Data Science in a nutshell

I intend to keep this blog post as a glossary for some of the most important concepts in data science. All of these concepts are immense topics on their own. I won’t be diving deep into each one, but what I will try to do is to just give a basic summary of what it is. All explanations are my own with some inspiration from wikipedia and An Introduction to Statistical Learning by Gareth JamesDaniela WittenTrevor Hastie and Robert Tibshirani – one of the best data science books of all time!

What is Data Science, Machine Learning, AI, Deep learning?

All these terms seems to imply the same and it is quite easy to mix up the meanings, but they are all different from each other.

Data Science is a field in which knowledge is extracted using data, statistics, mathematics and advanced analysis techniques. The fundamental differences between a data scientist and a data analyst is the way the analysis is done and what it is used for. A data scientist uses statistical analysis in order to prove a hypothesis or predict future trends. A data analyst would slice and dice data to look for KPI, trends without using any machine learning techniques.

Machine Learning is the process of developing algorithms to predict future data trends or find patterns in the data.

Artificial Intelligence is widely used to denote the way machines work on their own. In simplest terms, once we train an algorithm to learn about something and test it to see if it’s learnt enough we then use the algorithm to predict something we as humans cannot do. This is AI.

Deep Learning is a specific type of machine learning where the algorithm learns through complex network patterns and many layers, sometimes as complicated as human thoughts. (Yes, we humans are the most complex machines on earth!)

Can machine learning steal our jobs?

There is a huge claim that machine learning will replace humans soon and we may all become obsolete – or worse we might be terminated by robots. This is not the case (again, in my opinion) but I do love a good science fiction story! When computers were invented, we were worried they will replace humans soon but we learnt to work with them. I think we as humans can adapt with the change in order to survive.

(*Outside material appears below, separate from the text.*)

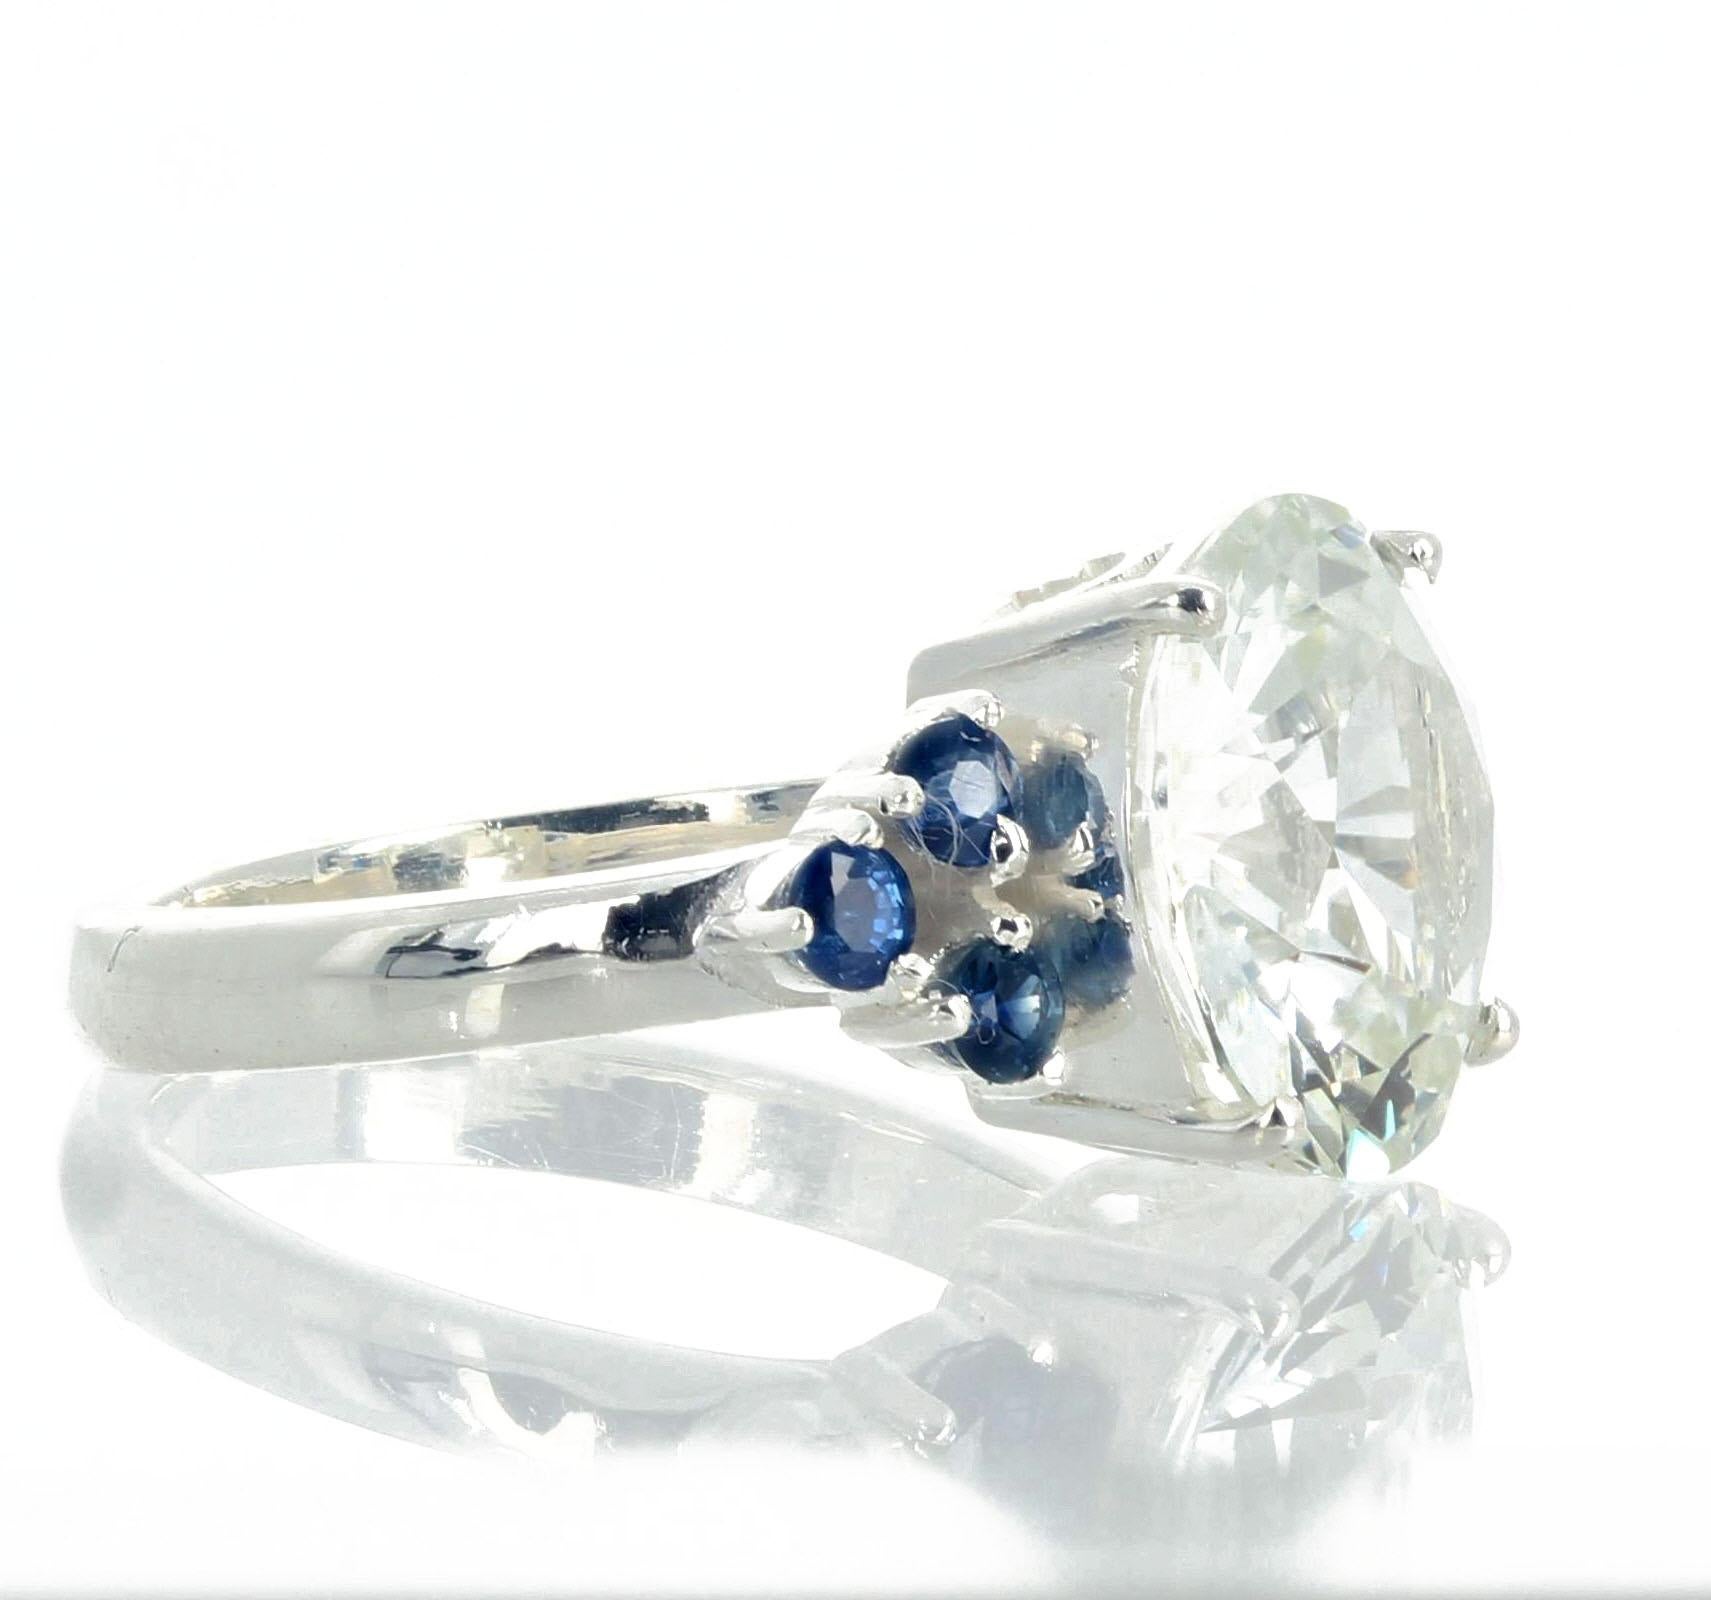 AJD Glittering 6.52 Carat Natural Fiery White Zircon & Blue Sapphires Ring For Sale 3

Here are some key definitions of machine learning

Supervised Learning 

This is a type of problem where we are given a data set to learn from and try to predict something (or some variable) from it. For example, we might learn about millions of patient’s blood test results data and predict if a new patient is likely to have a disease. There are 2 types of supervised learning methods

  1. Regression: Here we try to predict a continuous variable (most likely a number) from a data set. An example is where we learn about the different characteristics of a house such as the house type, the location, whether it has a swimming pool, the number of rooms, etc. Once we learn all this we try to predict the house price which is a numerical variable.
  2. Classification: This is used to predict a class variable. In the same house example, say we want to predict the house would sell in the next 3 months or not. The variable we want to predict is a Yes / No answer. This is a classification problem. However in many cases a classification problem may have more than 2 answers. For example we may want to know if a house would sell in the next 6 months, 1 year or 2 years. This is known as a multi-class problem.

Unsupervised learning

This is the type of problem where we have no idea what to predict but just look out for patterns in the data. A popular method used in this type is a clustering algorithm. Say we have a data set of many customers and their purchase patterns. We may want to put them into different buckets based on their behaviour. This is a clustering algorithm.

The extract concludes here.